The Committee wishes to point out most definitely that its study of events resulting from the then existing neutrality legislation, or the lack of it, is in no way a criticism, direct or implied, of the sincere devotion of the then President, Woodrow Wilson, to the high causes of peace and democracy. Like other leaders in government, business and finance, he had watched the growth of militarism in the pre-war years. Militarism meant the alliance of the military with powerful economic groups to secure appropriations on the one hand for a constantly increasing military and naval establishment, and on the other hand, the constant threat of the use of that swollen military establishment in behalf of the economic interests at home and abroad of the industrialists supporting it. President Wilson was personally impelled by the highest motives and the most profound convictions as to the justice of the cause of our country and was devoted to peace. He was caught up in a situation created largely by the profit-making interests in the United States, and such interests spread to nearly everybody in the country. It seemed necessary to the prosperity of our people that their markets in Europe remain unimpaired. President Wilson, himself, stated that he realized that the economic rivalries of European nations had played their part in bringing on the war in 1914.

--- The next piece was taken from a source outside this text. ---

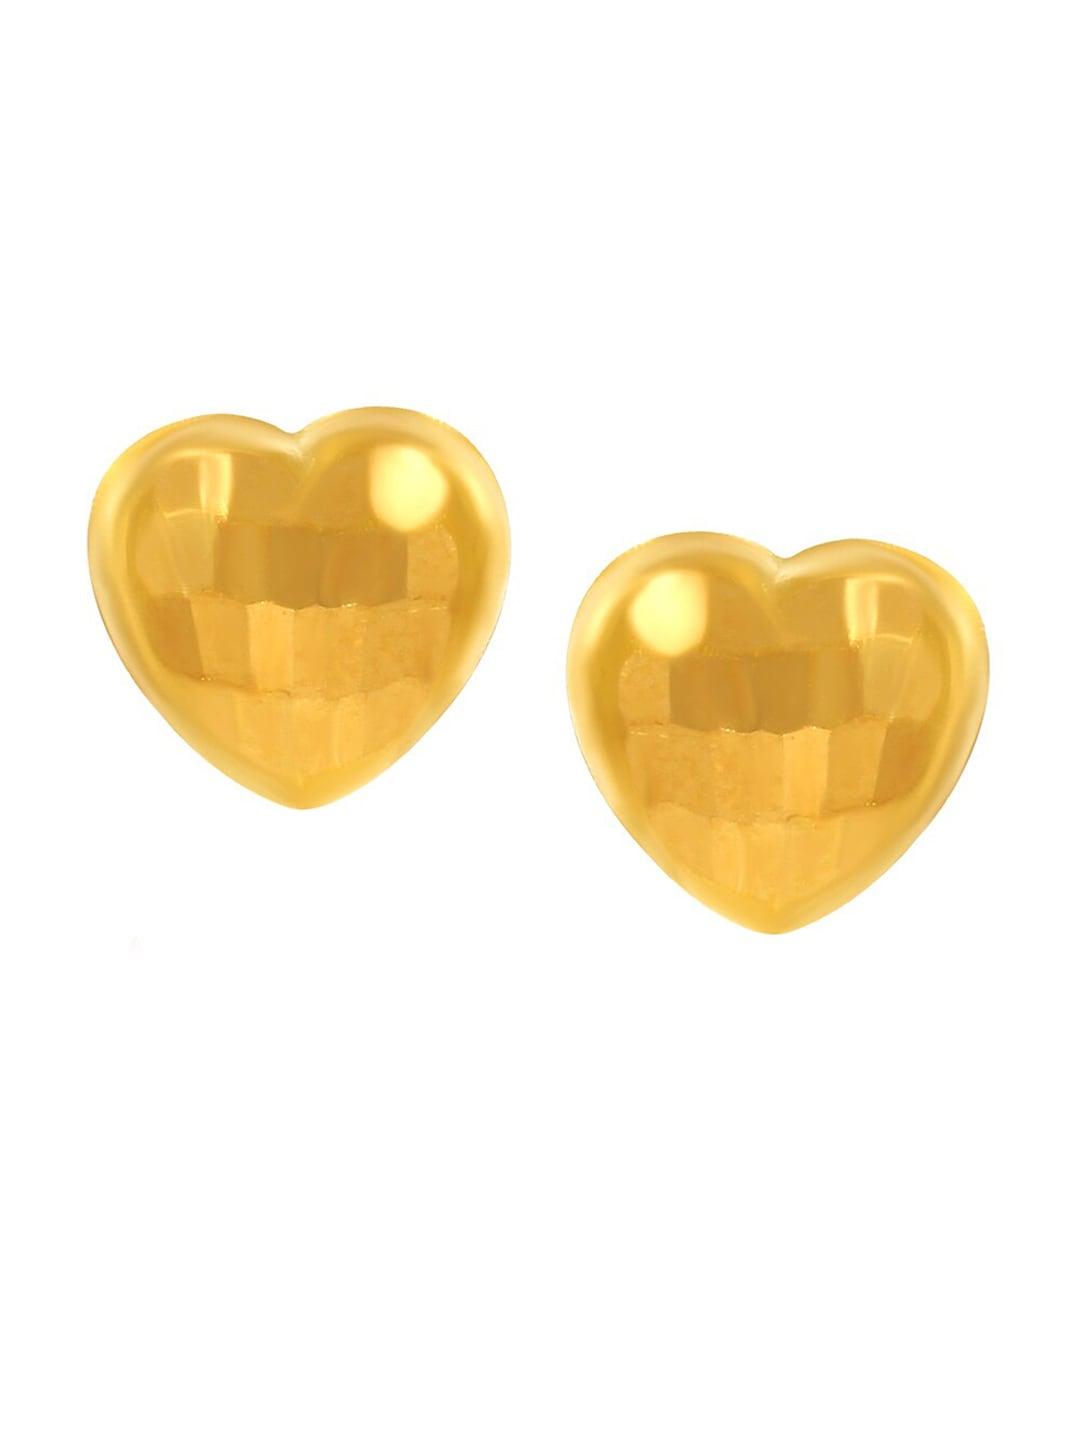 senco-radiating-love-22kt-gold-stud-earrings-0.9gm
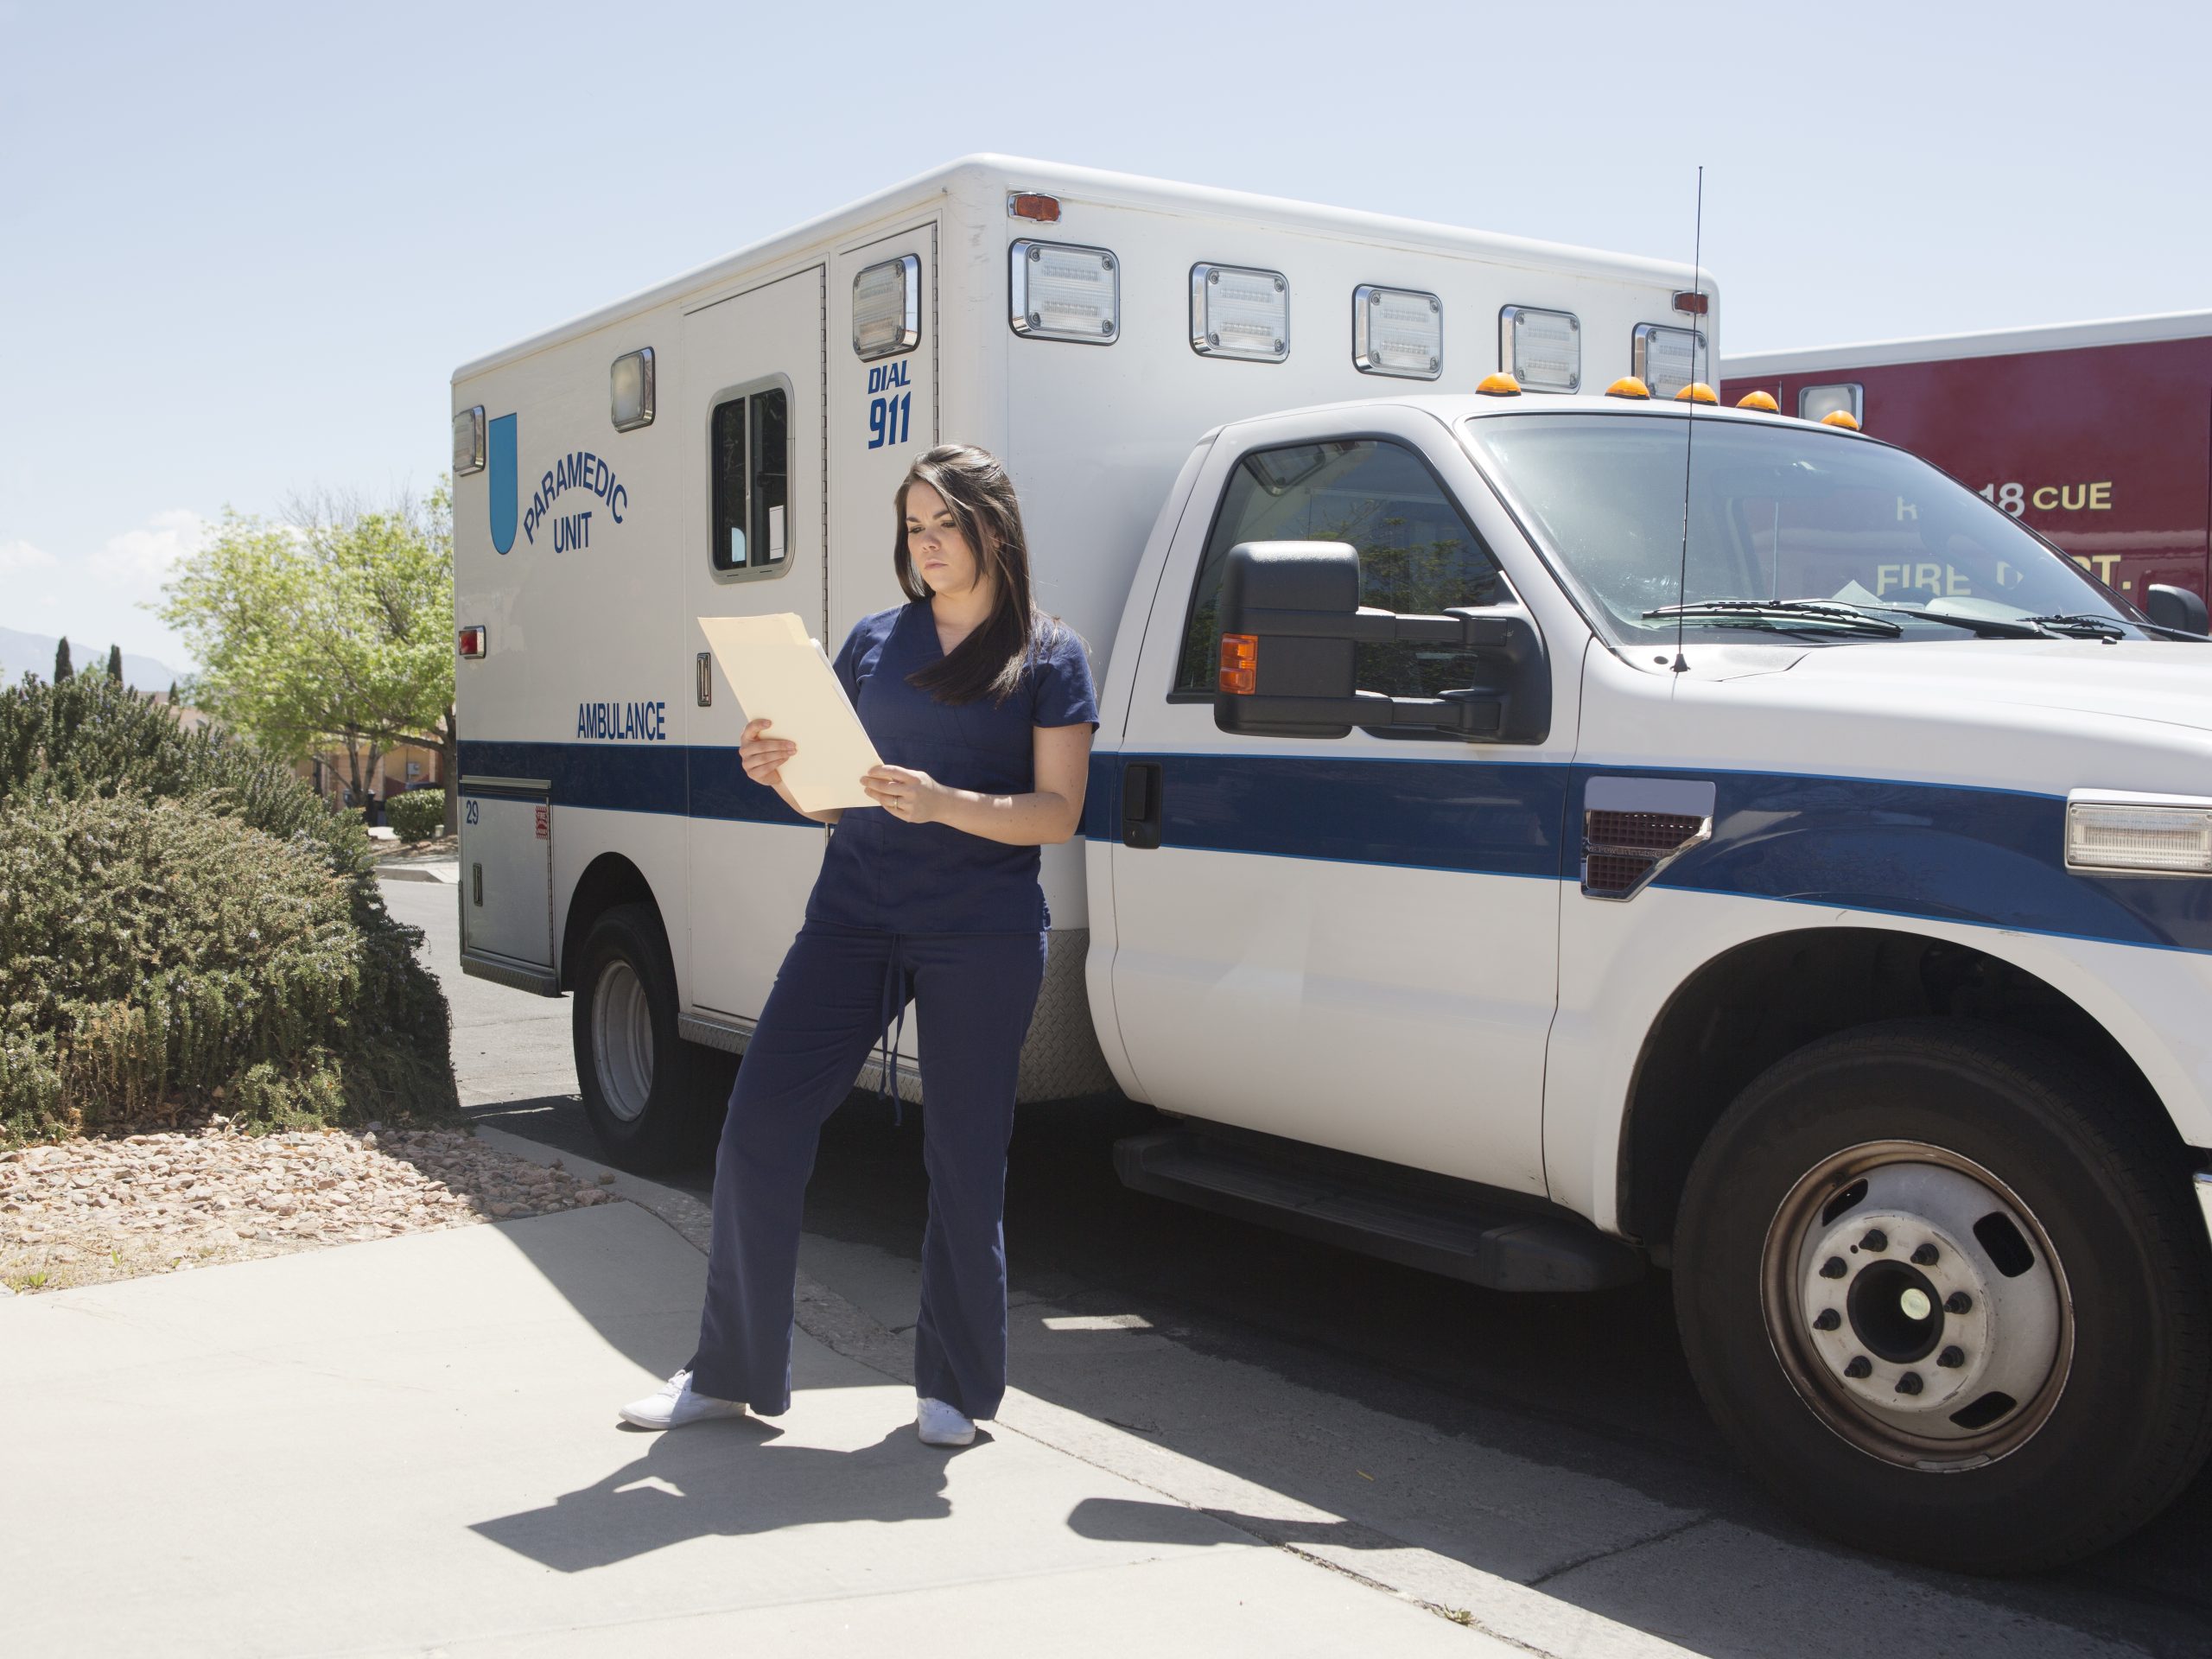 FootballR - NFL - Eine Frau in der Nähe eines Krankenwagens.

(6) Gerald P. Nye, speech in Congress (6th June, 1936)

Loans extended to the Allies in 1915 and 1916, led to a very considerable war boom and inflation. This boom extended beyond munitions to auxiliary supplies and equipment as well as to agricultural products. The nature of such a war-boom inflation is that, like all inflations, an administration is almost powerless to check it, once the movement is well started. Our foreign policy then is seriously affected by it, even to the extent of making impossible the alteration of our foreign policy in such a way as to protect our neutral rights.

(7) Gerald P. Nye, speech in Congress (July, 1939)

No member of the Munitions Committee to my knowledge has ever contended that it was munitions makers who took us to war. But that committee and its members have said again and again, that it was war trade and the war boom, shared in by many more than munitions makers, that played the primary part in moving the United States into a war.

(8) Gerald P. Nye, speech reported in the New York Times on 28th August 1940.

England and France reason to believe that if they would declare war on Germany, help would be forthcoming. Some day history will show, as one of the blackest marks of our time, that we sold out, by deliberate falsification, the two European nations with which we had the closest ties. We sent France to her death and have brought England perilously close to it. Had they stalled Hitler for a while, while they prepared to meet him, the story might have been different.